We describe the chemical nature of the modified residue using a controlled vocabulary (see the document ‘Controlled vocabulary of posttranslational modifications (PTM)’).

We provide additional information concerning the modification, such as:

  1. the form of the protein which undergoes the modification; this may be either a specific isoform, a particular processed or modified form of the protein, or a specific sequence variant;
    Examples: P41500 (isoform), P84715 (processed form), P68871 (sequence variant)
  2. the enzyme which carries out the modification (‘by…’). For proteins of infectious organisms, such as viruses, phages and bacteria, we also indicate whether the modification is carried out by a host protein;
    Examples: P03279 (modifying enzyme indicated), Q53EZ4 (viral protein modified by host protein)
  3. information on the frequency of the modification or the relationship with another feature (‘partial’, ‘alternate’, ‘transient’). The term ‘partial’ indicates that not all protein molecules are modified, ‘alternate’ means that the same amino acid can be modified in more than one way, and ‘transient’ is applied to exceptional cases of otherwise stable modifications. For partial modifications, we do not propagate this comment to homologous proteins and we do not specify the fraction of proteins modified, as this may depend on the experimental conditions.
    Examples: P16157 (partial modification), Q9UKV3 (alternate modification), Q9FX54 (transient modification)

See also the subsection Post-translational modifications for additional information on modifications for which position-specific data is not yet available.

Data sources and propagation of modified residue annotation

We annotate experimentally determined sites of modification. These are propagated ‘By similarity’ to related orthologs provided the following criteria are met:

  1. the modification should be necessary for protein function (and therefore likely to occur in related organisms);
  2. the enzyme which performs the modification must exist in the related organism, or the same type of modification must have already been observed (this condition is mandatory);
  3. the modified residue and the surrounding region should be conserved in the orthologous protein (this condition is also mandatory).

Propagation is generally restricted to closely related species, e.g. among mammals or bacteria from the same taxonomic group. We usually do not propagate information concerning modified residues among plants or unicellular fungi. Specific details regarding the type of modification may be generalized during propagation. For instance, a particular lysine can be subjected to mono-or dimethylation in E.coli strain K12, but this information is not propagated to the E.coli O157:H7 orthologous entry, where we simply indicate that methylation occurs.
Example: P0CE47 (source entry), P0A6N3 (orthologous entry)
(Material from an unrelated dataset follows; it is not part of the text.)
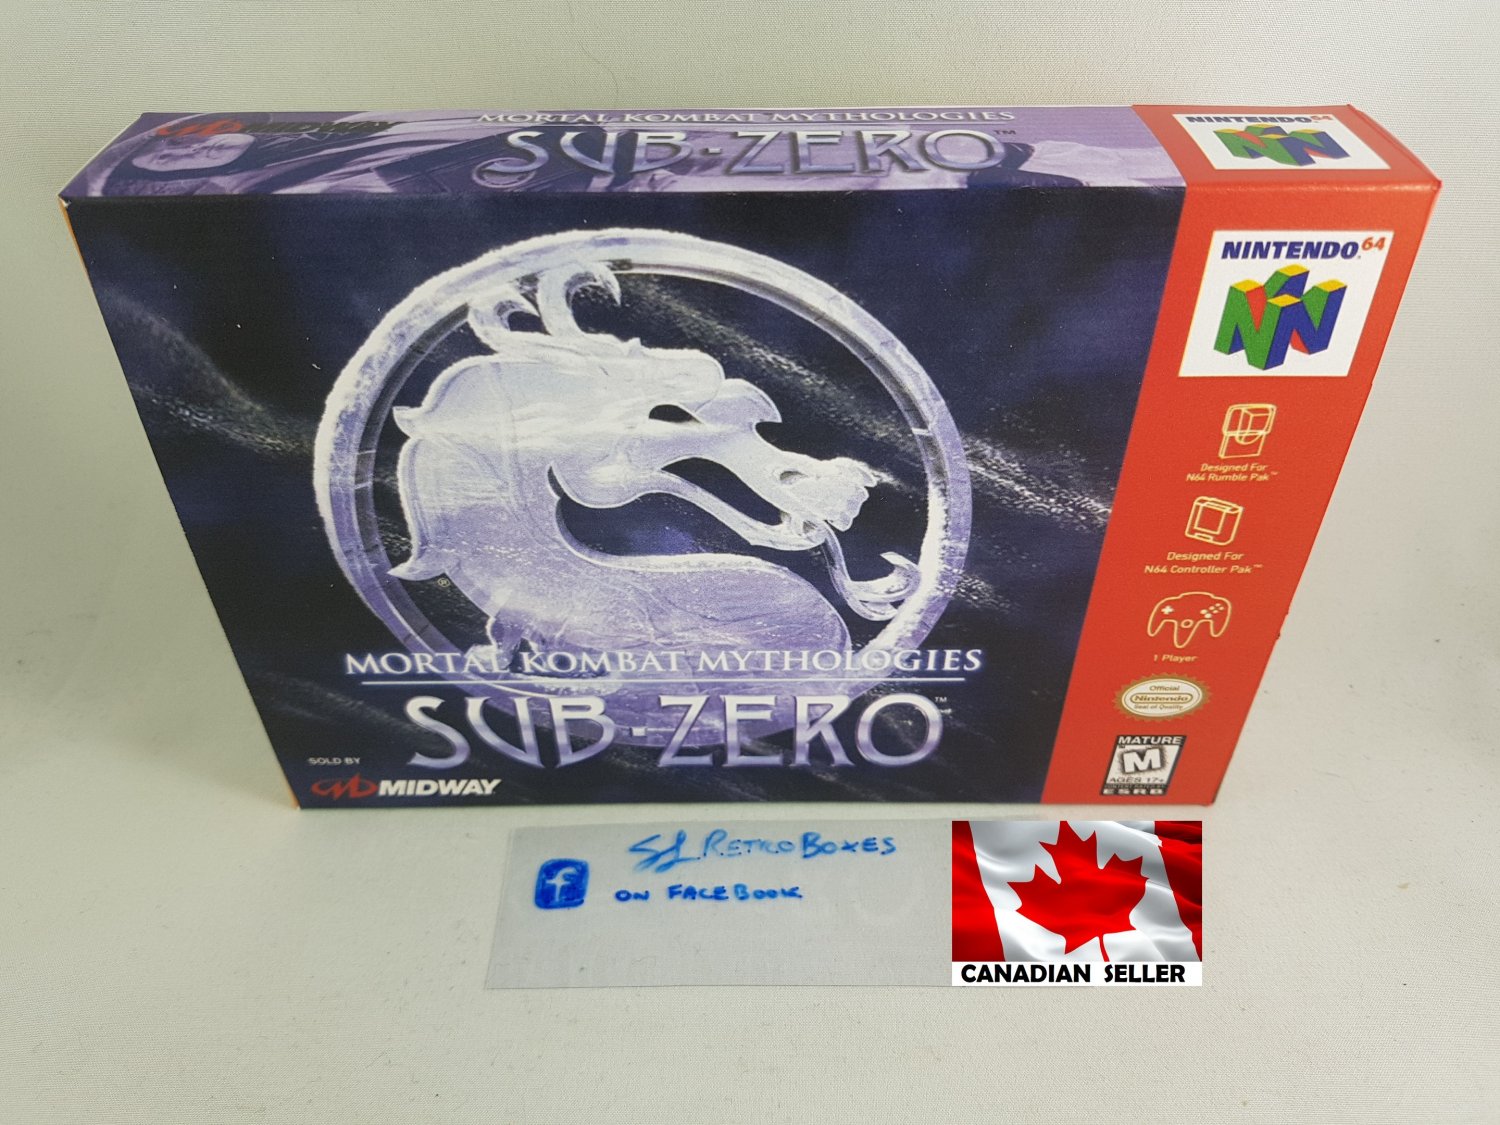 MORTAL KOMBAT MYTHOLOGIES SUB-ZERO - N64, Nintendo64 Custom Box w/ Insert Tray & PVC Protector

Sites that are not modified

When a site is found not to be modified, and if this is of biological significance, we indicate it in the ‘Site’ subsection. This information is not propagated in related entries.
Examples: Q10471, P62152, P32457, P07173.
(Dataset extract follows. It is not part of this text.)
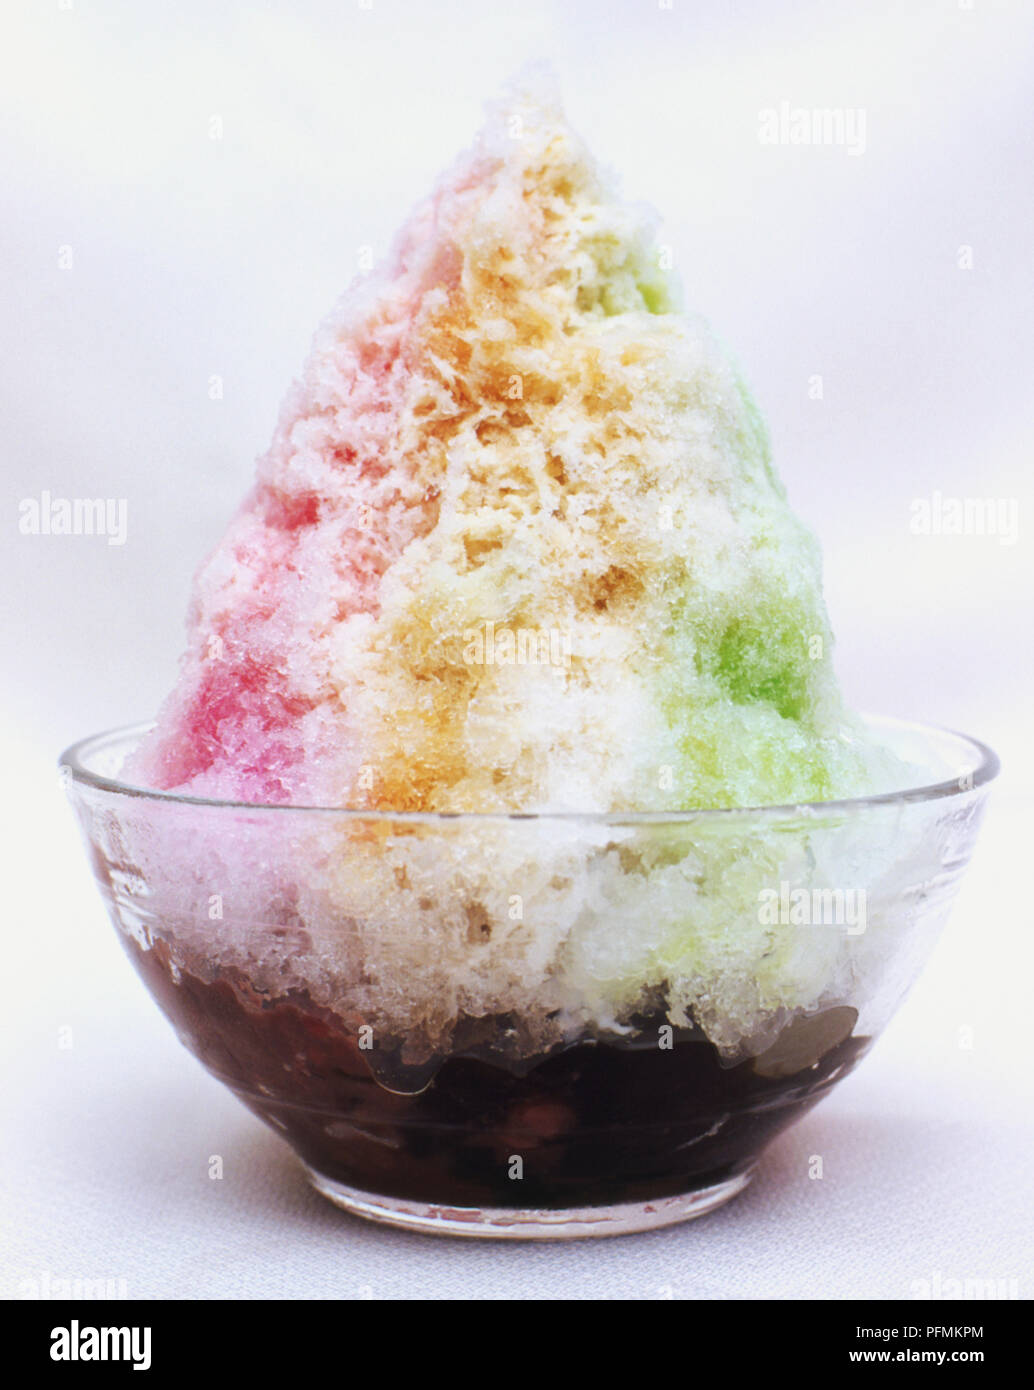 Eis kachang, beliebtes Dessert in Singapur, gesüßte Eis mit Mais, roten Bohnen und Gelee, ähnlich rosa grün-weiß gestreiften Sorbet, dunkle Basis in Glas Teller serviert. Stockfoto

Unknown sites bearing unknown modifications

Here is an example of a feature where the identity of the amino acid is unknown (an X is shown at this position in the sequence) and the only information concerning the modification is that the N-terminus is blocked: P80979 (Blocked amino end (Xaa)).

1. Phosphorylation

Phosphorylation refers to the transfer of a gamma-phosphate to an amino acid. It is a key mechanism for signaling in both eukaryotic and prokaryotic cells. It can occur on a number of cytoplasmic and nuclear residues, i.e. on the hydroxyl group of serine, threonine or tyrosine, on the nitrogen of arginine, histidine or lysine, on the carboxyl group of aspartate, or on the sulfhydryl group of cysteine.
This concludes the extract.